Volviendo a la tarde del miércoles, la casa a la que llegamos estaba pintada de color rosa, con cochera para un solo vehículo. Una verja de barrotes blancos sencillos permitían ver el pequeño jardín del frente y un ventanal que seguramente daba a la sala del lado izquierdo, y en el lado derecho de la casa al fondo de la cochera estaba la puerta de ingreso y una pequeña ventana, que supuse era de la cocina.

Mi madre estacionó la camioneta en la acera de enfrente, ordenó que nadie se bajara, fue a tocar la puerta y a dar de gritos llamando a mi papá, que no fuera cobarde, que saliera y la enfrentara, que ya sabía que estaba ahí y que ésta era la última vez que le veía la cara de tonta.

Por más que zarandeó y golpeó la verja, nadie abrió.

De repente, vi a mi papá correr por la azotea, brincando hacia las otras casas, medio agachado, escondiéndose detrás de los tinacos de agua de los vecinos, para no ser visto por mi mamá.

Me dio la impresión de que se oyeron ruidos dentro de la casa, voces quedas y remolino de triques. De repente, vi a mi papá correr por la azotea, brincando hacia las otras casas, medio agachado, escondiéndose detrás de los tinacos de agua de los vecinos, para no ser visto por mi mamá, que estaba parada en la banqueta loca de rabia.

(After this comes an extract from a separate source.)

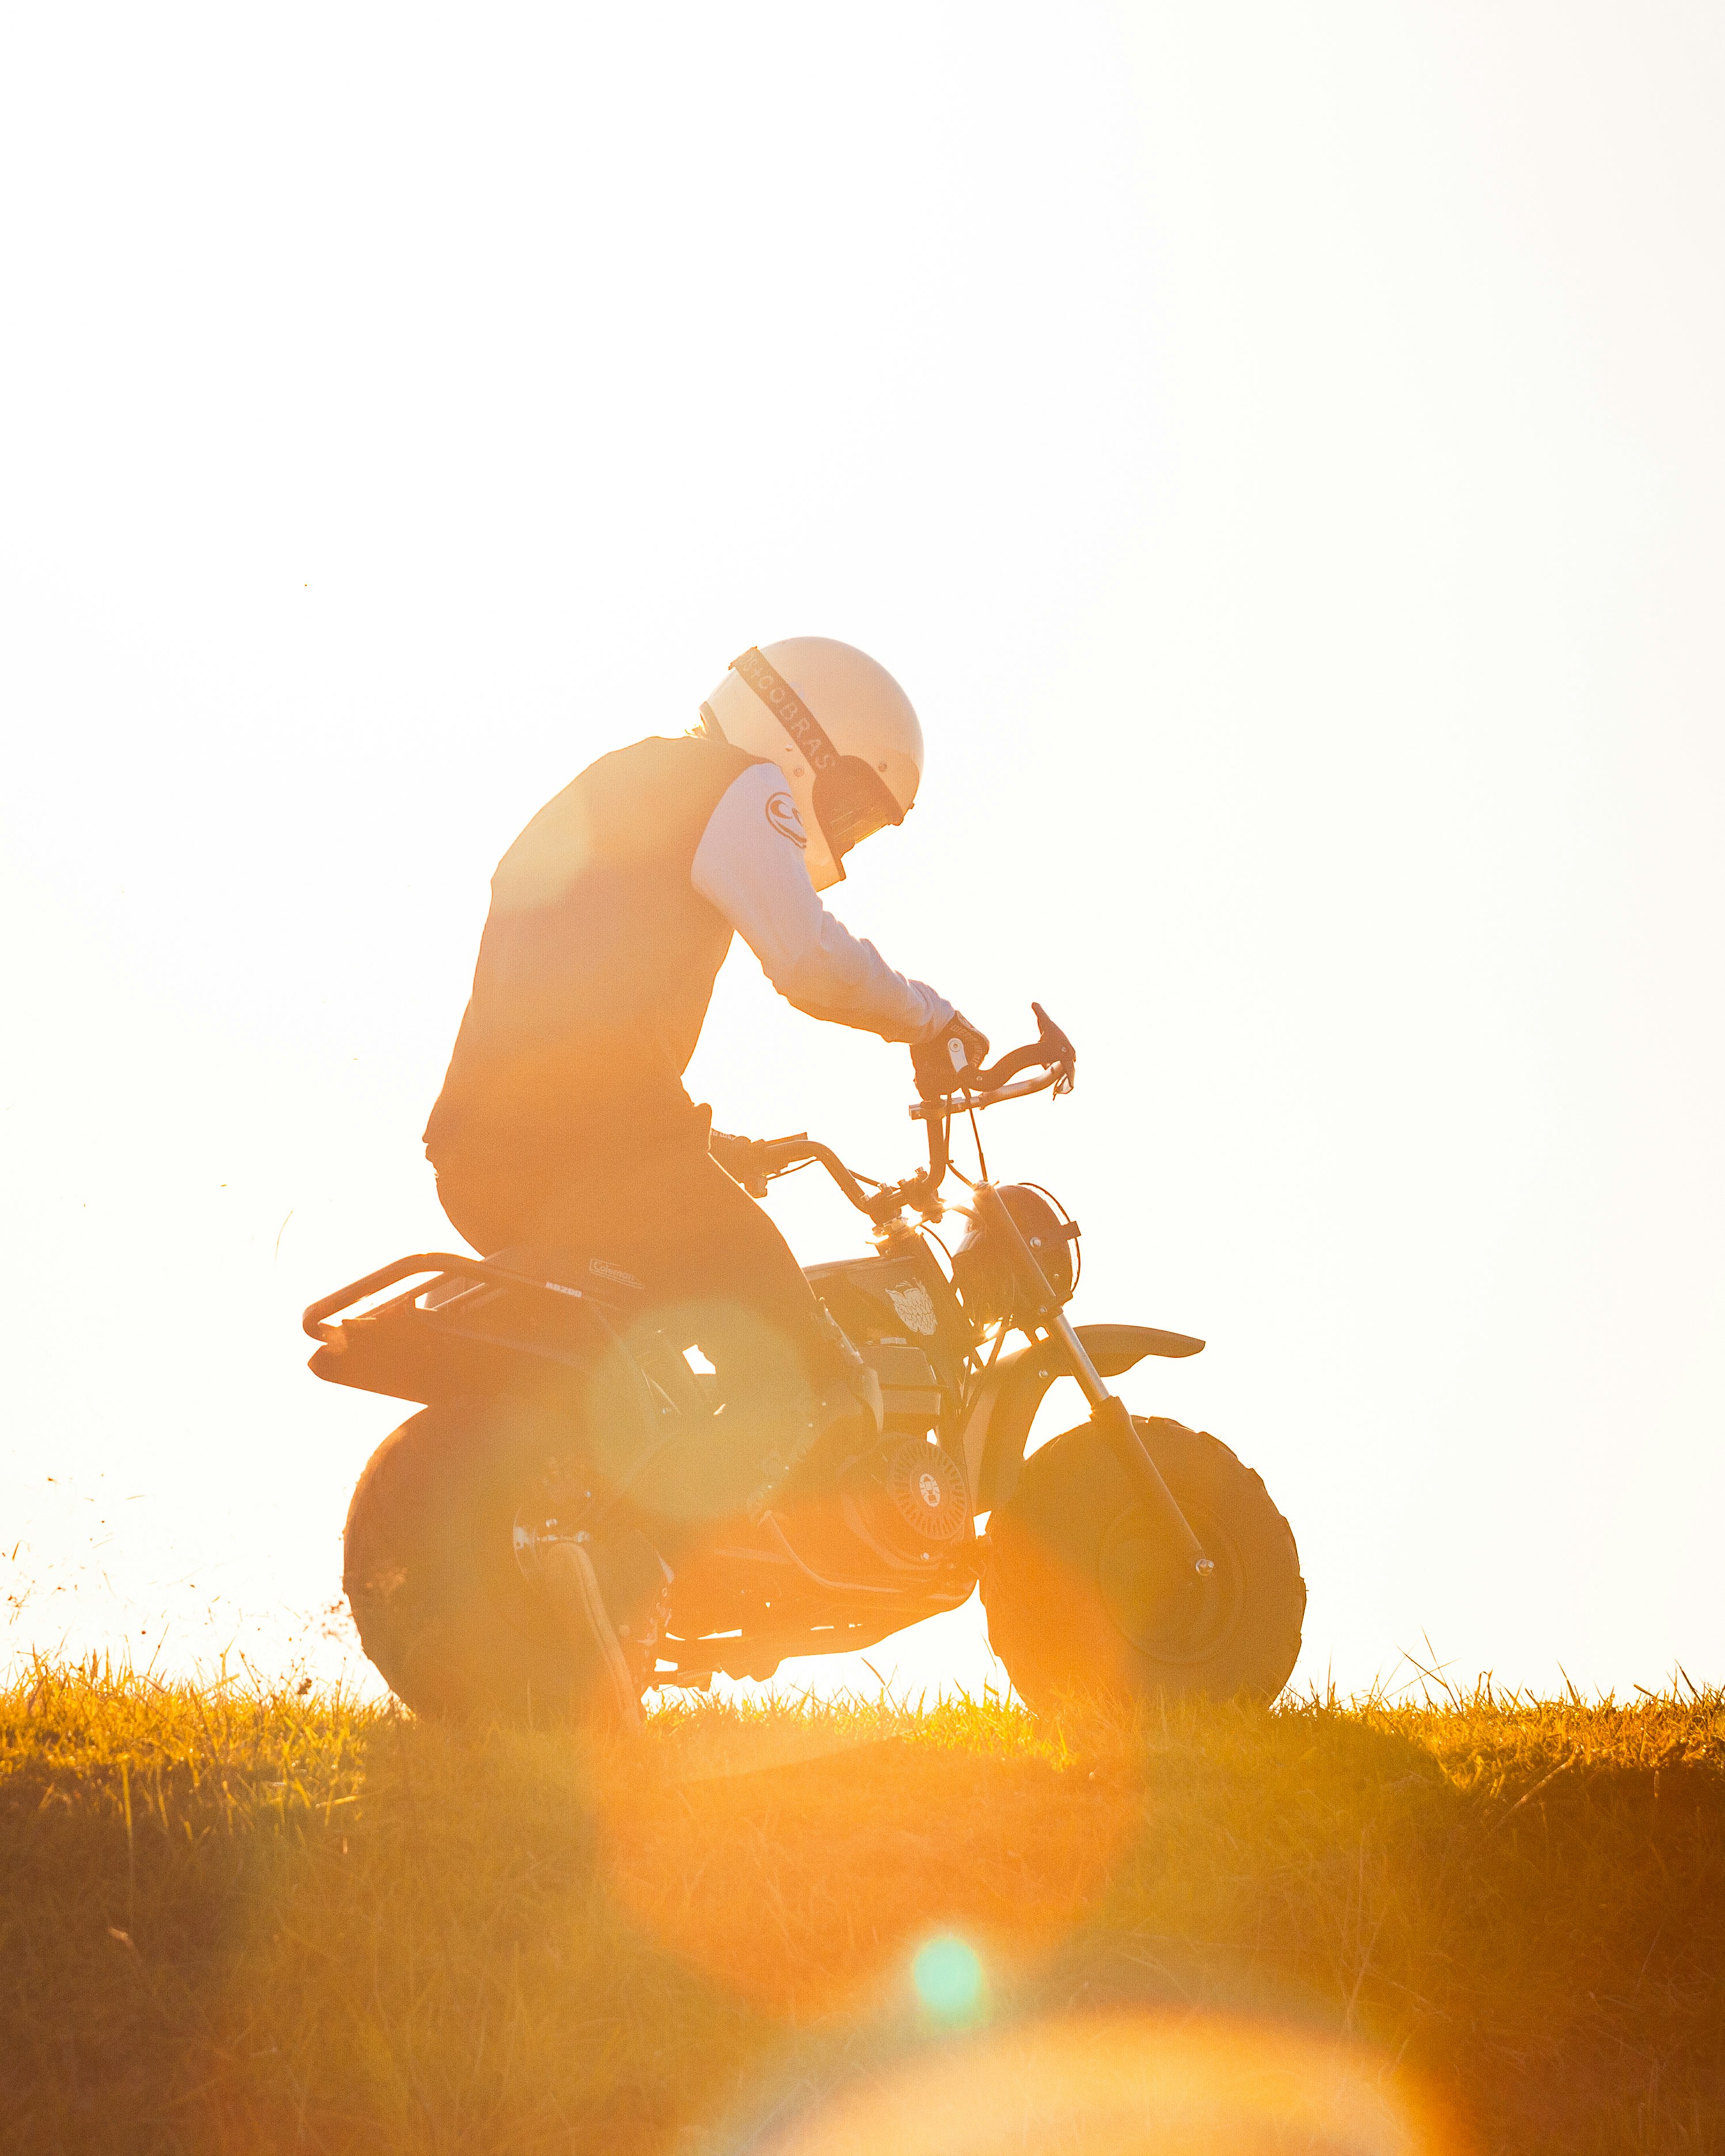 man riding motorcycle on grass field during daytime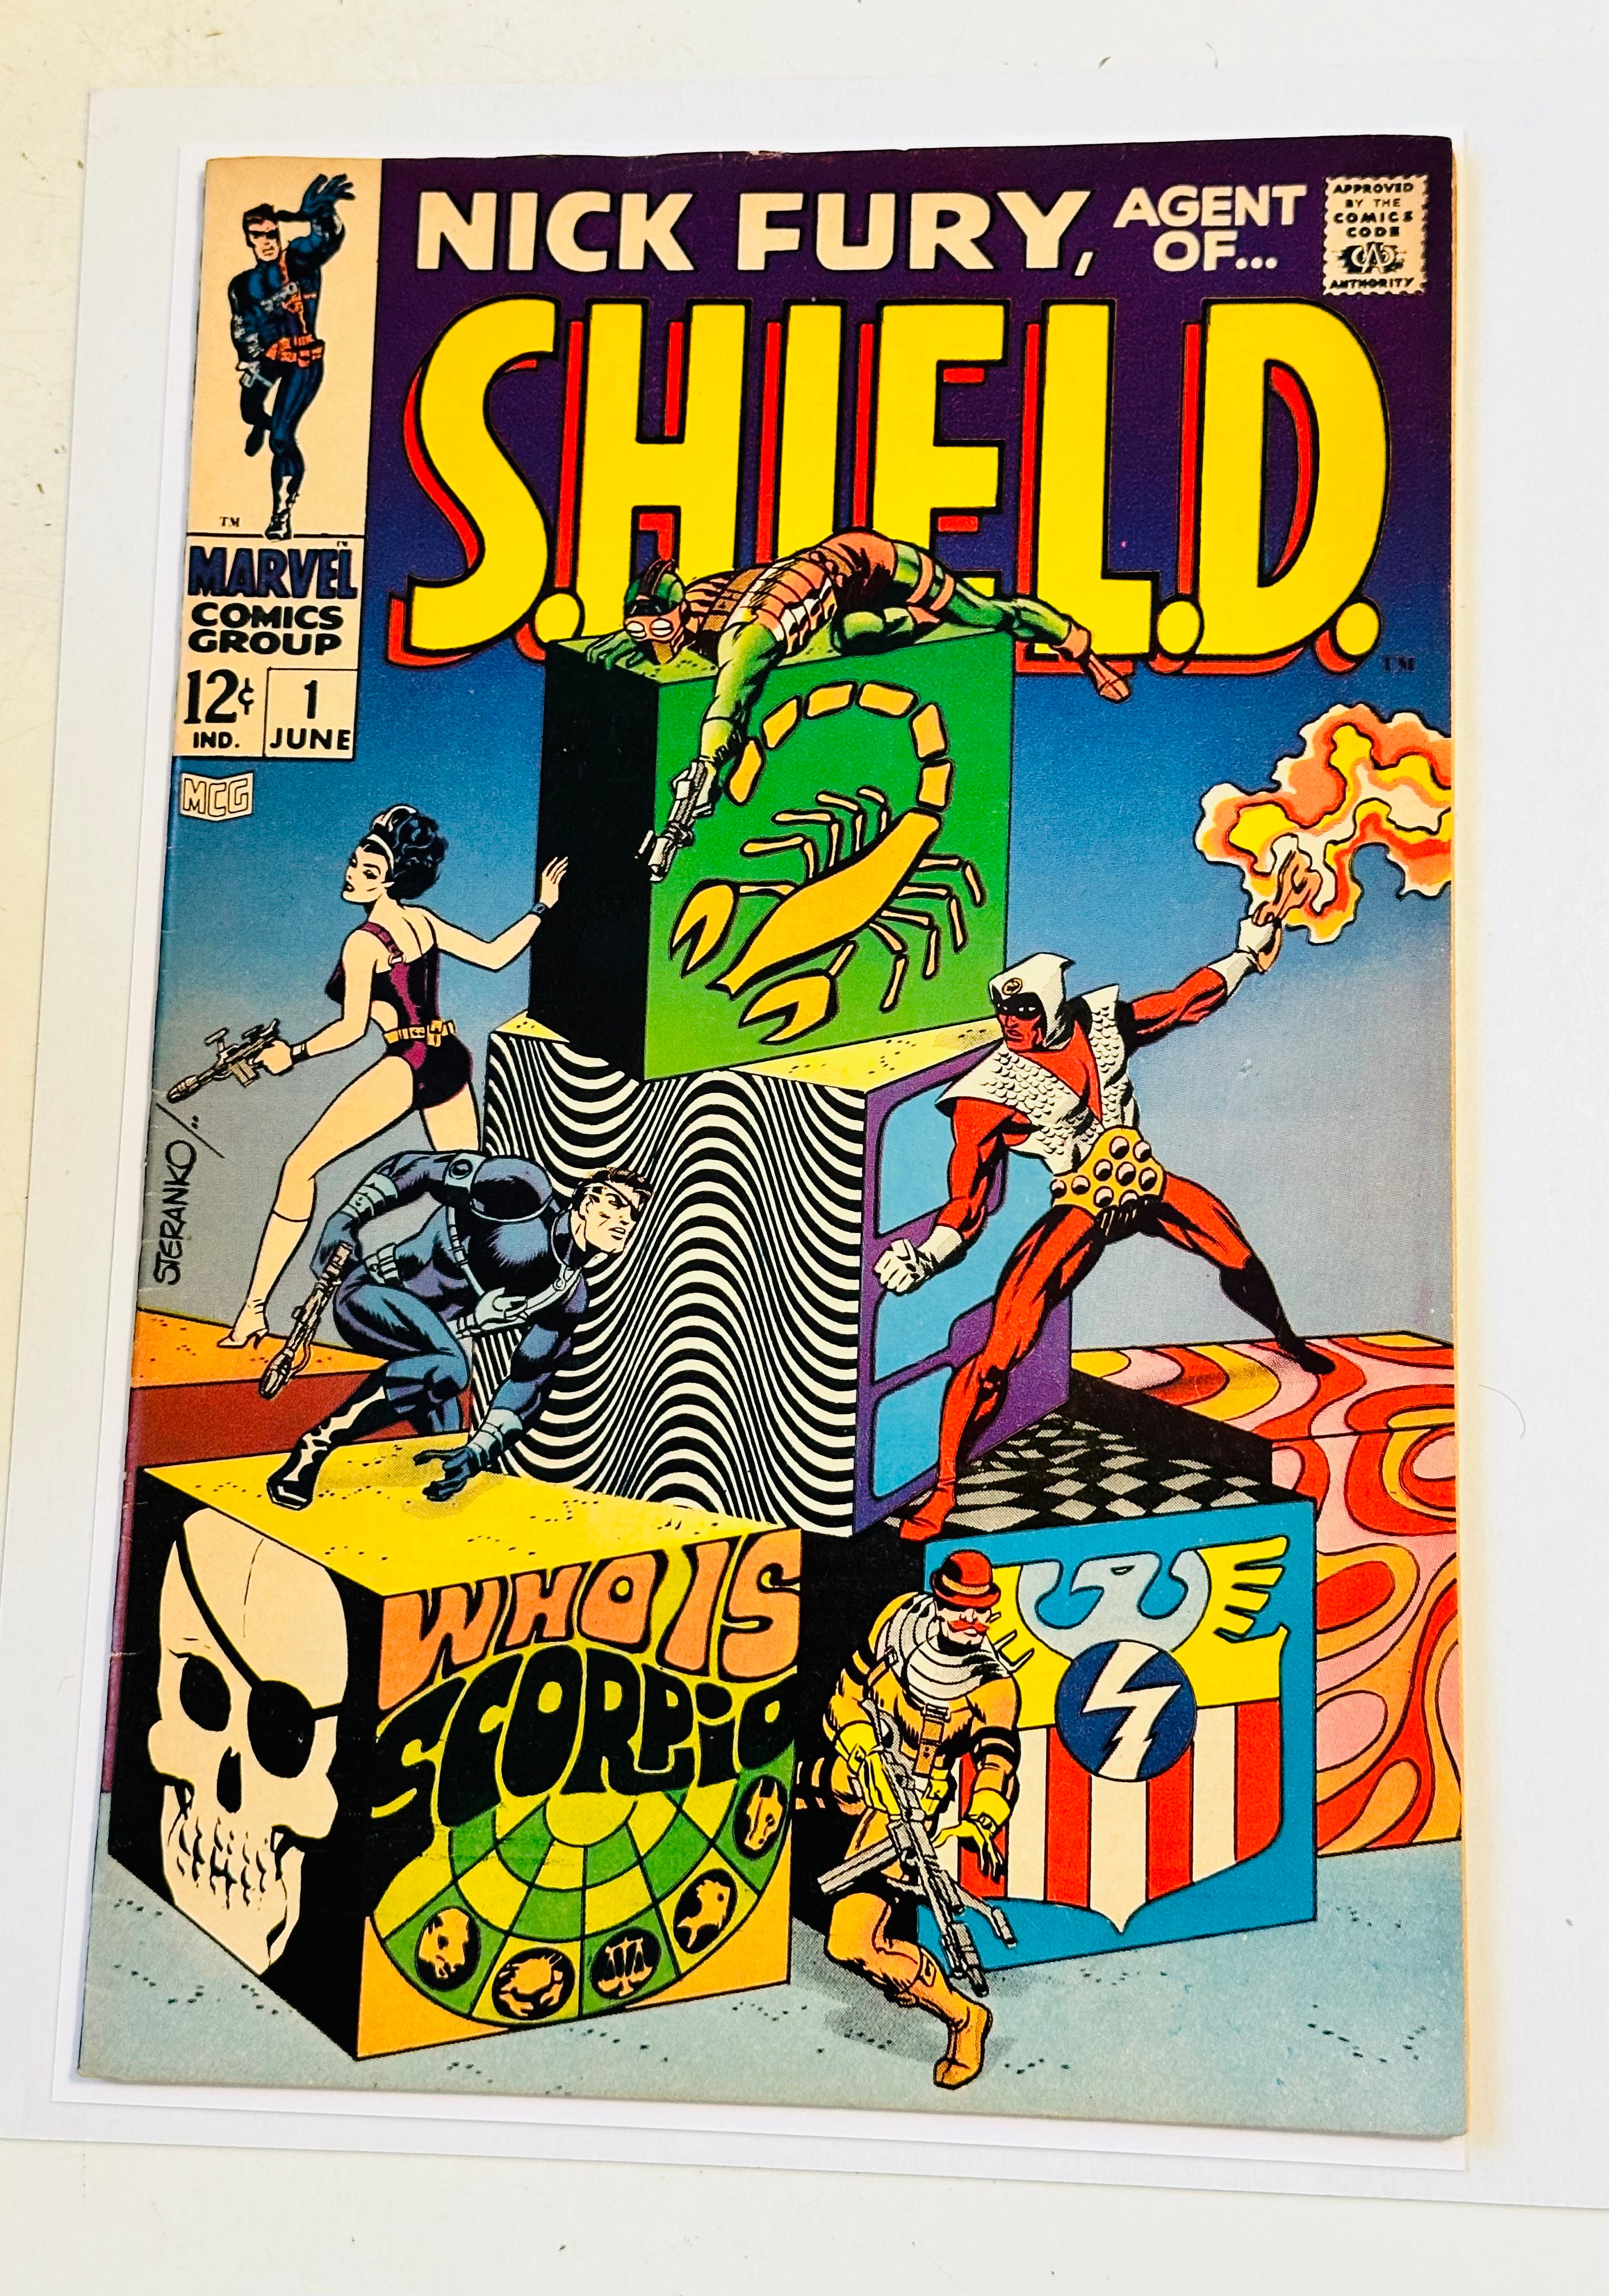 Nick fury, agent of shield, rare number one first issue, high-grade comic book 1968

Seguramente ella no lo vio, porque desde esa perspectiva no se veía, pero la camioneta estaba estacionada enfrente y yo sí lo vi con toda claridad.

Mi madre siguió gritando a voz en cuello, mientras la gente que pasaba por la calle se le quedaba mirando y nosotros, adentro del carro, asustados, sin saber qué hacer.

No dije que lo vi escaparse por la azotea. No tuve palabras. Fue un shock caer en la cuenta de que mi papá era un mentiroso, un fraude. Tampoco la situación se prestaba para que dijera nada, no sé qué hubiera pasado si le hubiera dicho a mi mamá lo que ví.

¡Allí mismo le hubiera dado el soponcio!

Tampoco parecía importarle mucho nuestro sentir o nuestra opinión como hijos. Mi mamá nos llevó para que de una buena vez nos diéramos cuenta de la clase de persona que era mi papá. Al menos era esa su venganza contra él.

Y funcionó.

Hasta esa fecha mi admiración por él era inmensa, no había problema que él no fuera capaz de resolver. Creía que era un hombre honesto y trabajador y, definitivamente, lo había tomado como modelo del tipo de esposo que quería tener cuando fuera mayor.

Todo se desmoronó.

No sé quiénes se dieron cuenta de que mi padre estaba en una casa ajena y había salido huyendo por la azotea, porque nadie dijo nada.

Sabrá Dios por dónde se bajó y cómo fue que llegó a la mueblería.

Me lo imaginé atolondrado, sin saber por dónde salir, tal vez escondido detrás de algún tinaco, esperando a que mi mamá desistiera de su intento de hacerlo salir para luego bajar corriendo por la misma casa en la que se encontraba, puesto que cualquier otra persona del vecindario se asustaría enormemente si un hombre apareciera repentinamente en su azotea pidiendo permiso para salir a la calle. No se me ocurre qué pretexto puede inventar una persona en esas circunstancias. O tal vez sí, algo como “Perdone, soy su vecino, me subí a arreglar el flotador del tinaco y el aire me cerró la puerta del patio, ¿me daría permiso de salir por aquí?”, poniendo cara de santo en apuros. ¡Sí, seguramente podría inventar ese o cualquier otro pretexto! Si alguien tenía la inteligencia y la habilidad para improvisar soluciones, era él.

Lo del carro era fácil, podía tomar un taxi o un ruletero de los que constantemente pasan por las avenidas principales de la ciudad, y la mueblería no estaba lejos.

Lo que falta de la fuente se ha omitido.